Pregnancy presents numerous challenges to the maternal immune system, which must simultaneously tolerate the semiallogeneic fetus and protect both the mother and fetus from potentially life-threatening infections. The mechanisms by which this is achieved are varied and include the recognition of fetal antigens by maternal T-cells. There are a number of studies to suggest that this process has important implications for both maternal and fetal health. Developing a better understanding of the cellular interactions that mediate this tolerance may contribute to both the development of more successful transplantation protocols and the prevention and/or treatment of common pregnancy complications.

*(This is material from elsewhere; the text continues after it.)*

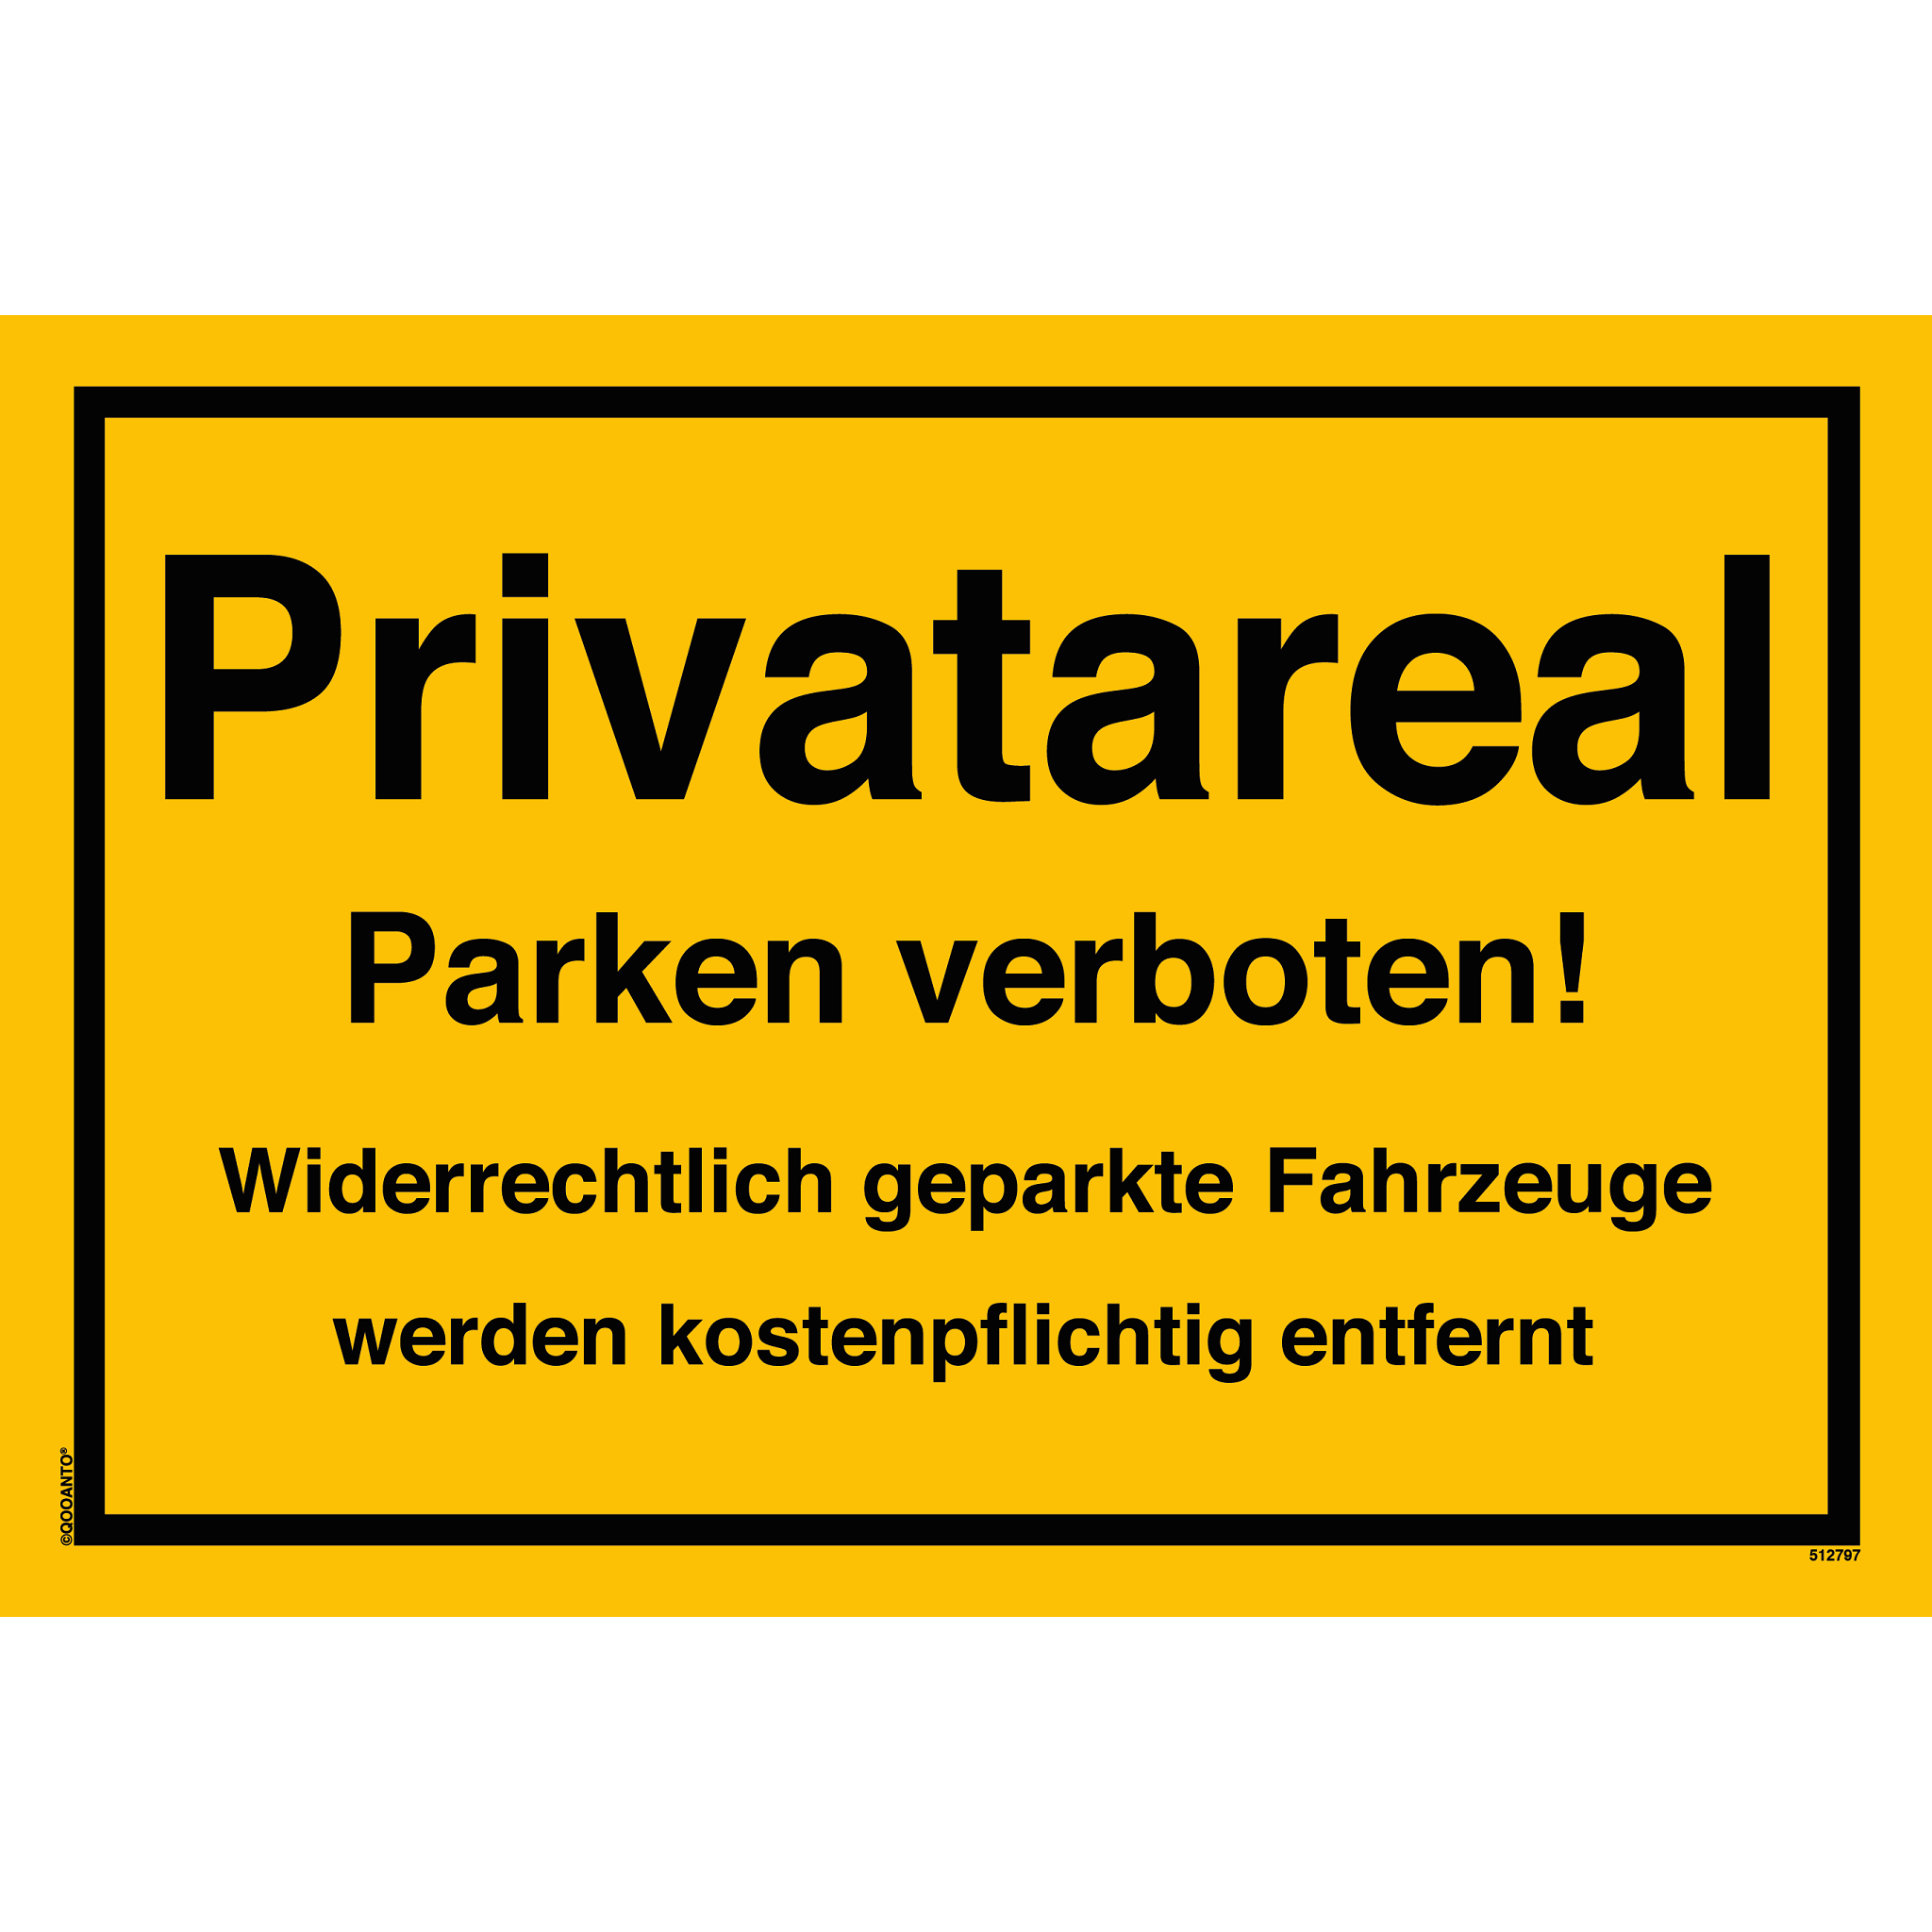 Privatareal Parken verboten! Widerrechtlich geparkte Fahrzeuge werden kostenpflichtig entfernt, gelb, Schild

Future work should seek to determine the role of the maternal environment in modulating fetus-specific T-cell responses. Specifically, understanding how increased inflammatory cytokines and the production of reactive oxygen species, both of which occur in preeclampsia, affect mHAg-specific T-cell responses to placental and fetal tissues could provide important insights into the manifestation of the clinical symptoms of preeclampsia and other pro-inflammatory pregnancy complications. In addition, work designed to better understand the persistence and function of fetus-specific T-cells following parturition could provide important insights into the role of mHAg-specific T-cells in determining transplant success or failure. By better understanding the development and function of mHAg-specific T-cells during and following pregnancy, we can generate insights important for understanding immune tolerance in general and, more specifically, how maternal tolerance of the fetus is achieved during normal pregnancy and what happens when this tolerance is disrupted.